=== Recorded data ===
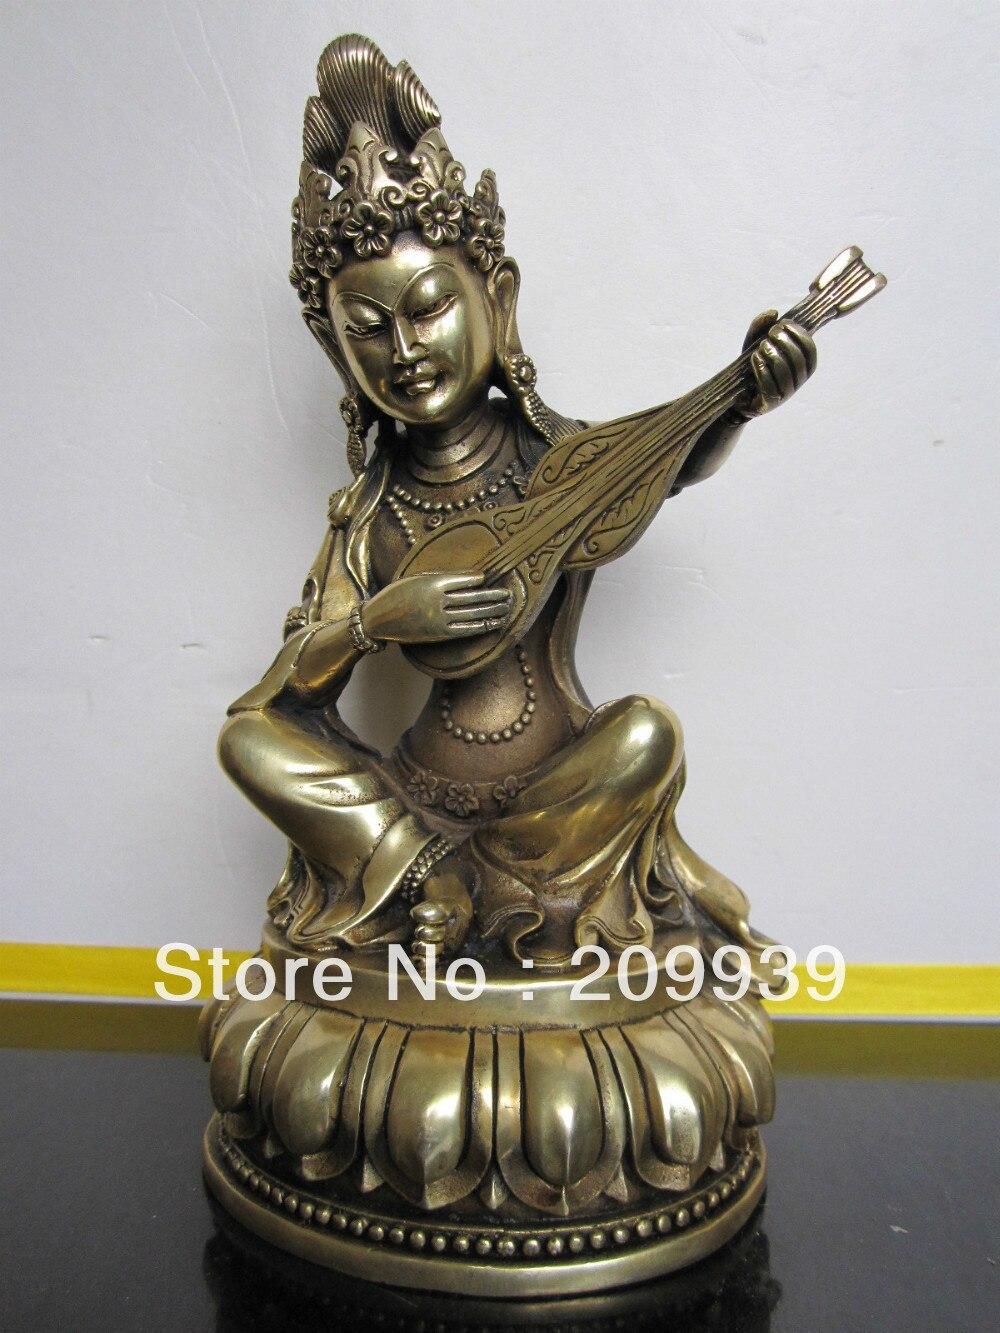 00933 Tibetan bronze Saraswati buddha statue statue statues buddha statue bronze - title=
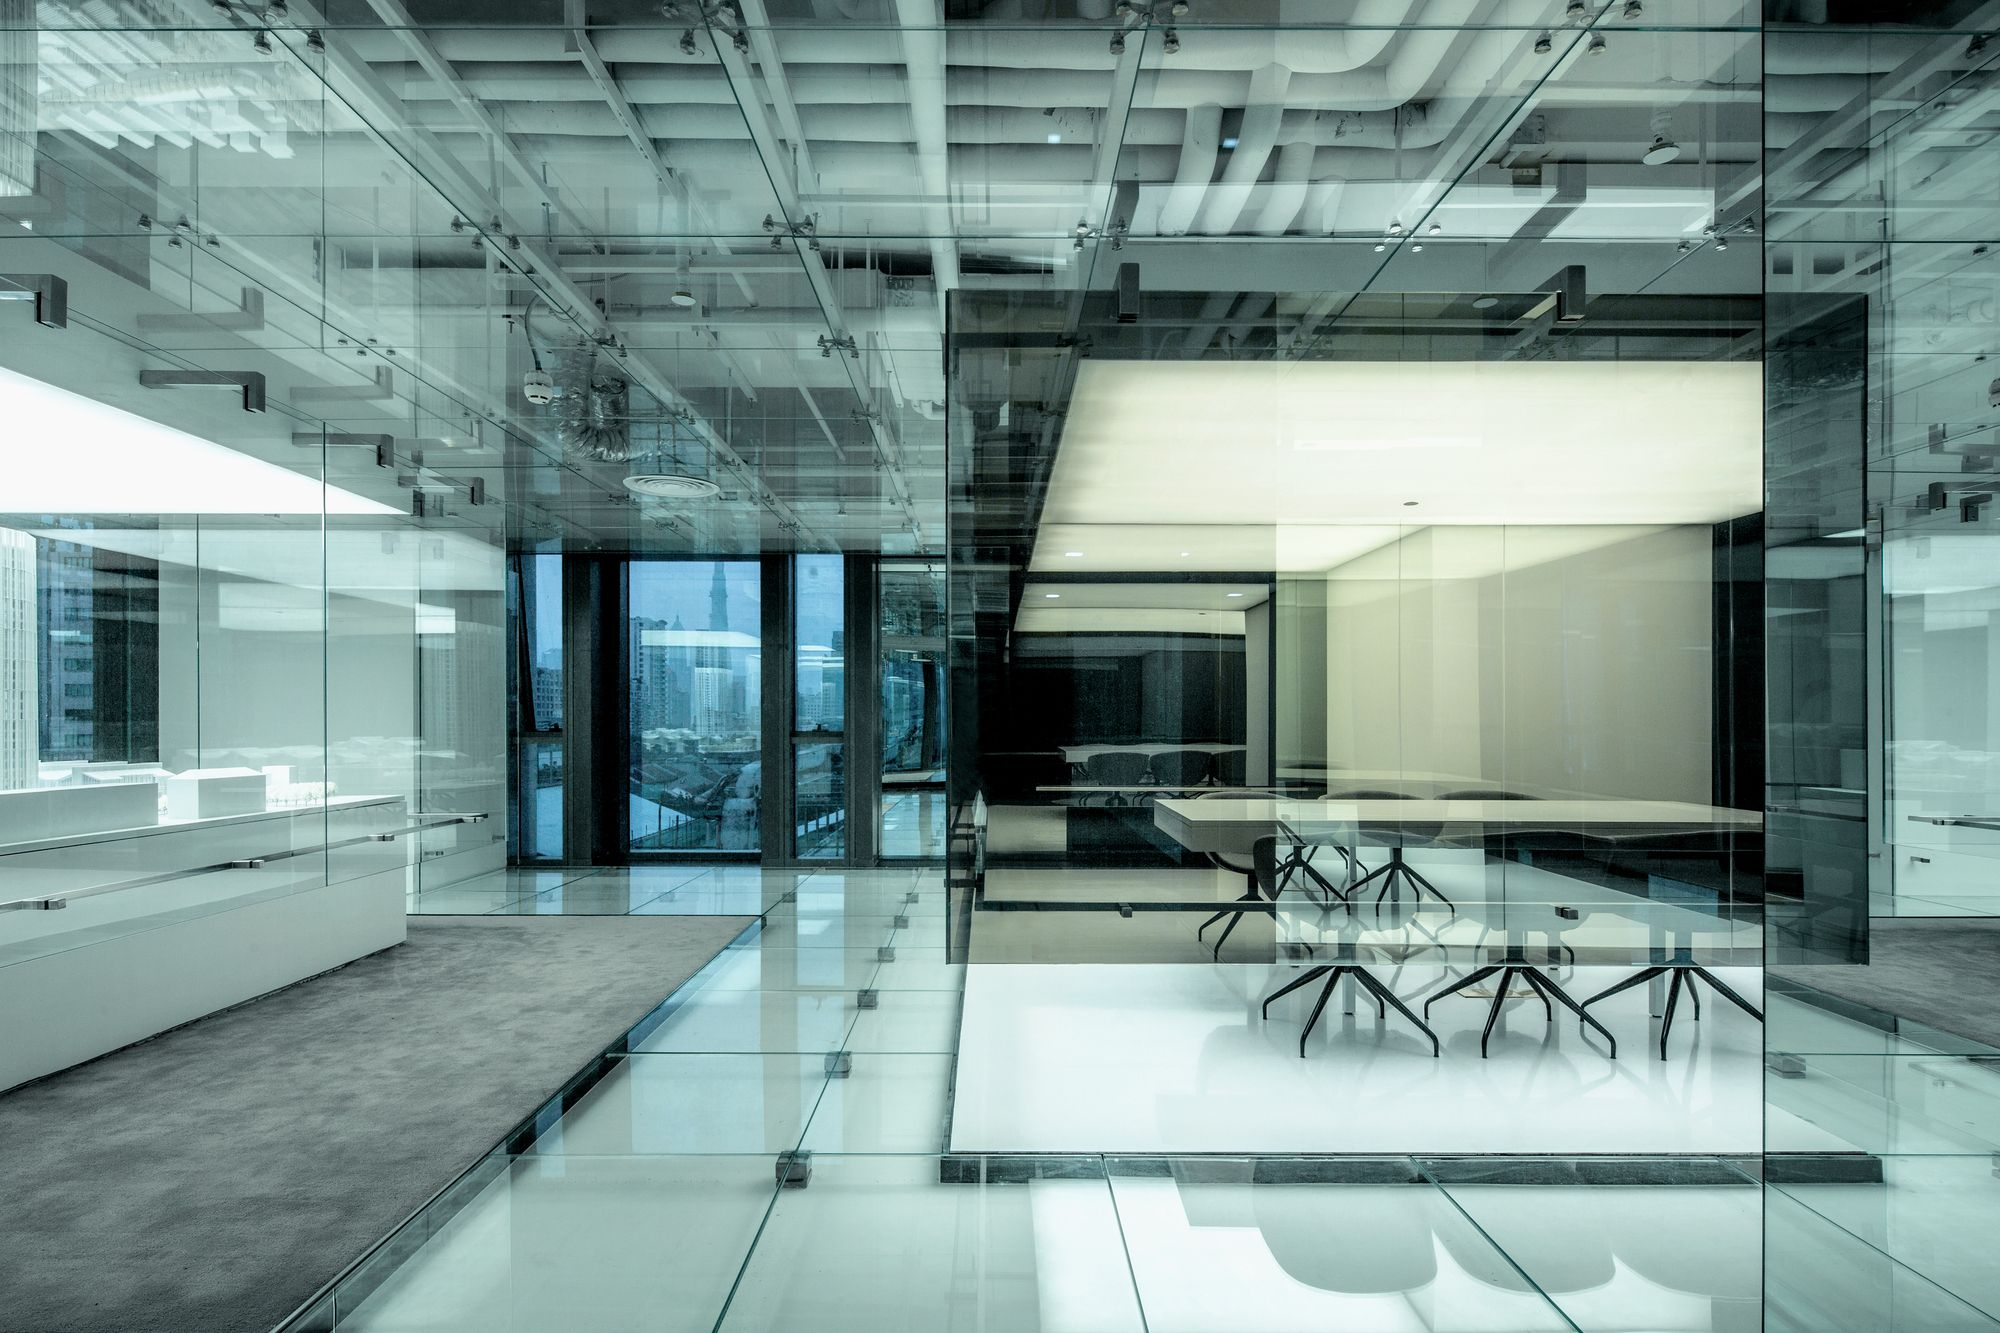 A glass office - SOHO China / AIM Architecture
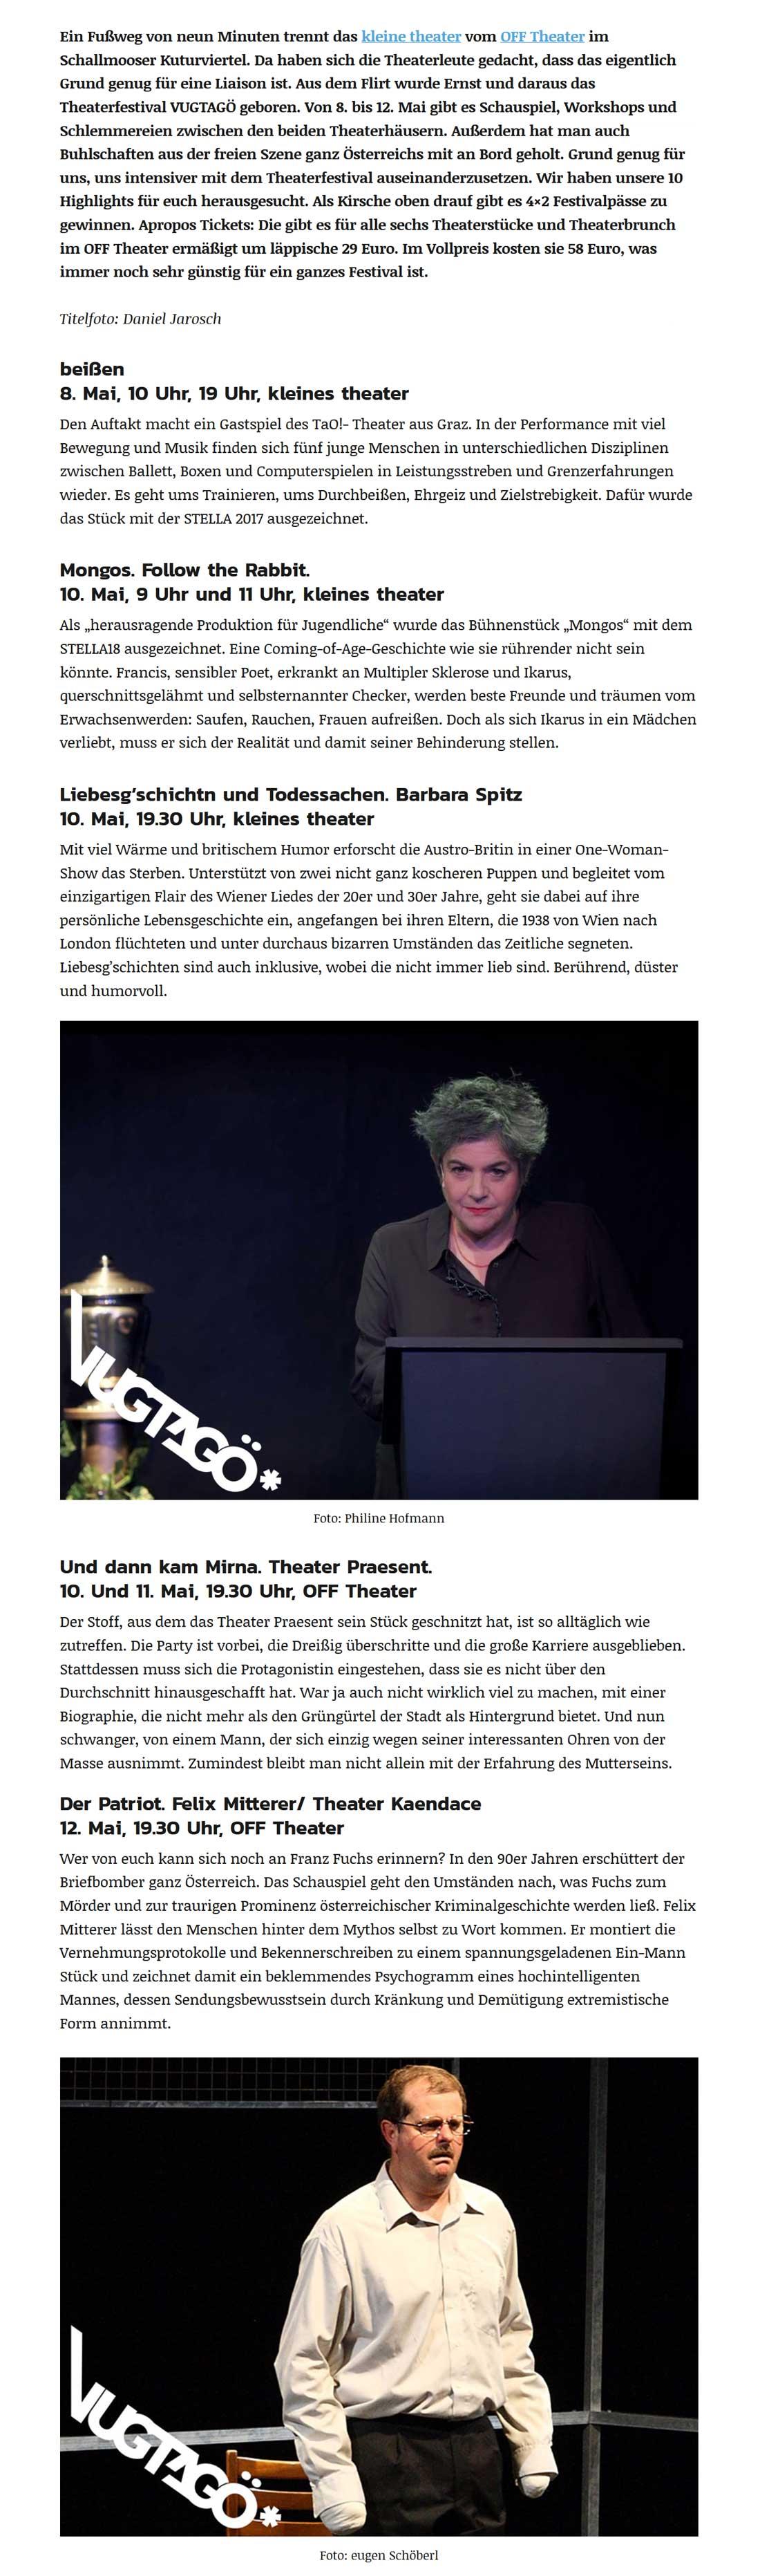 2019 04 24 vugtagoe FF 02 - Unsere 10 Highlights am VUGTAGÖ* Theaterfestival - Fräulein Flora vom 24.04.2019
===
▶ **To do**: Repeat the data above exactly, leaving out any pictures it holds.

▶ **Answer area**:
 00933 Tibetan bronze Saraswati buddha statue statue statues buddha statue bronze - title=
 A glass office - SOHO China / AIM Architecture
 2019 04 24 vugtagoe FF 02 - Unsere 10 Highlights am VUGTAGÖ* Theaterfestival - Fräulein Flora vom 24.04.2019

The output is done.